The configurations of the Distorting Proxy server are as follows:
REMOTE_ADDR = Proxy IP
HTTP_VIA = Proxy IP
HTTP_X_FORWARDED_FOR = Random IP address
Copy the code
The principle is similar to that of anonymous proxy, but camouflaged more closely. If the client uses an obfuscated proxy, the server still knows that the client is using the proxy, but gets a fake client IP address.
2) The configurations of Elite Proxy or High Anonymity Proxy servers are as follows:
REMOTE_ADDR = Proxy IP
HTTP_VIA = not determined
HTTP_X_FORWARDED_FOR = not determined
Copy the code
High-hiding proxy can not only make the server not clear whether the client is using proxy, but also ensure that the server can not get the real IP address of the client.
4. Selection of agents
A normal anonymous proxy can hide the client’s real IP, but it can change our request information and the server might think we are using a proxy. However, with this proxy, although the visited web site does not know the IP address of the client, it can still know that you are using the proxy, of course, some pages that can detect IP can still check the IP address of the client.
The highly anonymous proxy does not change the client’s request, so it looks to the server as if a real client browser is accessing it. In this case, the client’s real IP is hidden and the server does not think we are using the proxy.
Therefore, when the crawler needs to use proxy IP, it should try to choose common anonymous proxy and high anonymous proxy.

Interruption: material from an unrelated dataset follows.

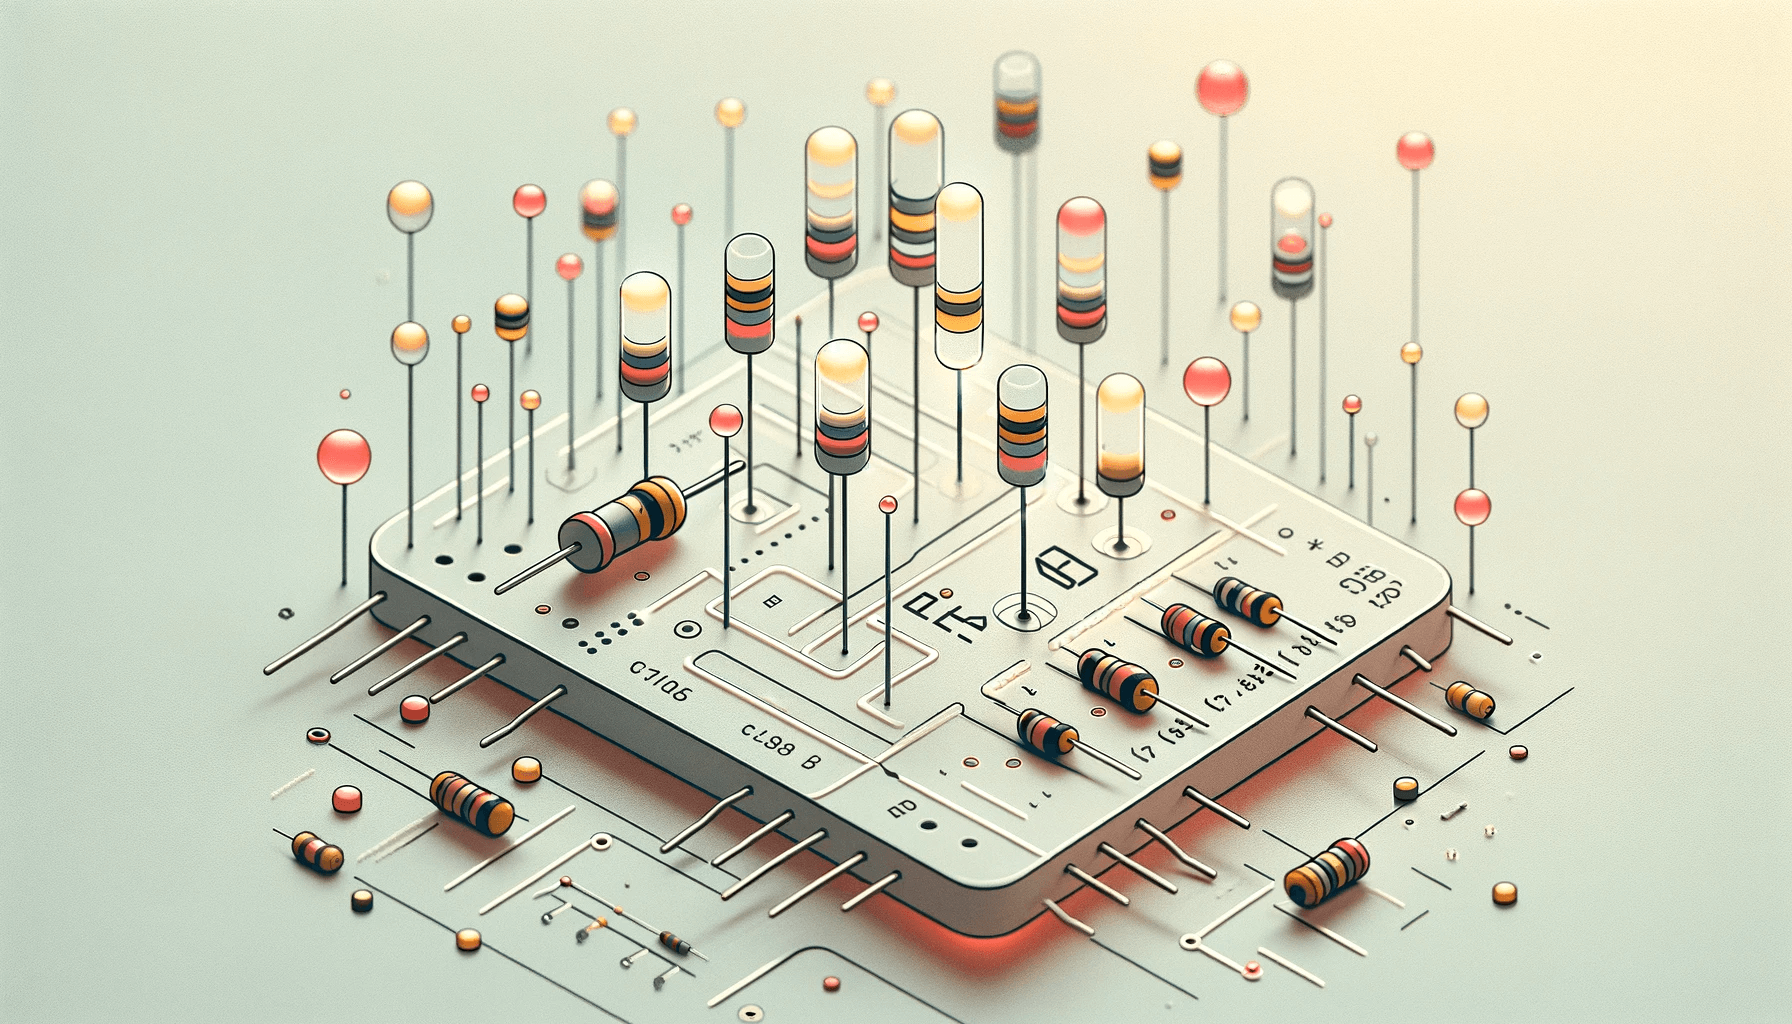 LED Series Resistor Calculator

In addition, HTTPS proxies are recommended to ensure that data is not known by proxy servers.
Article Reference:
X-forwarded-for proxy Specifies the type of the HTTP request header. This type of proxy is Forwarded to Forwarded-for Proxy
This article was first published on wechat. Welcome to reprint the article at any time, reprint please contact number to open the white list, respect the author’s original. I use my wechat account “Geek Monkey” to share original Python works every week. Related to web crawler, data analysis, Web development and other directions.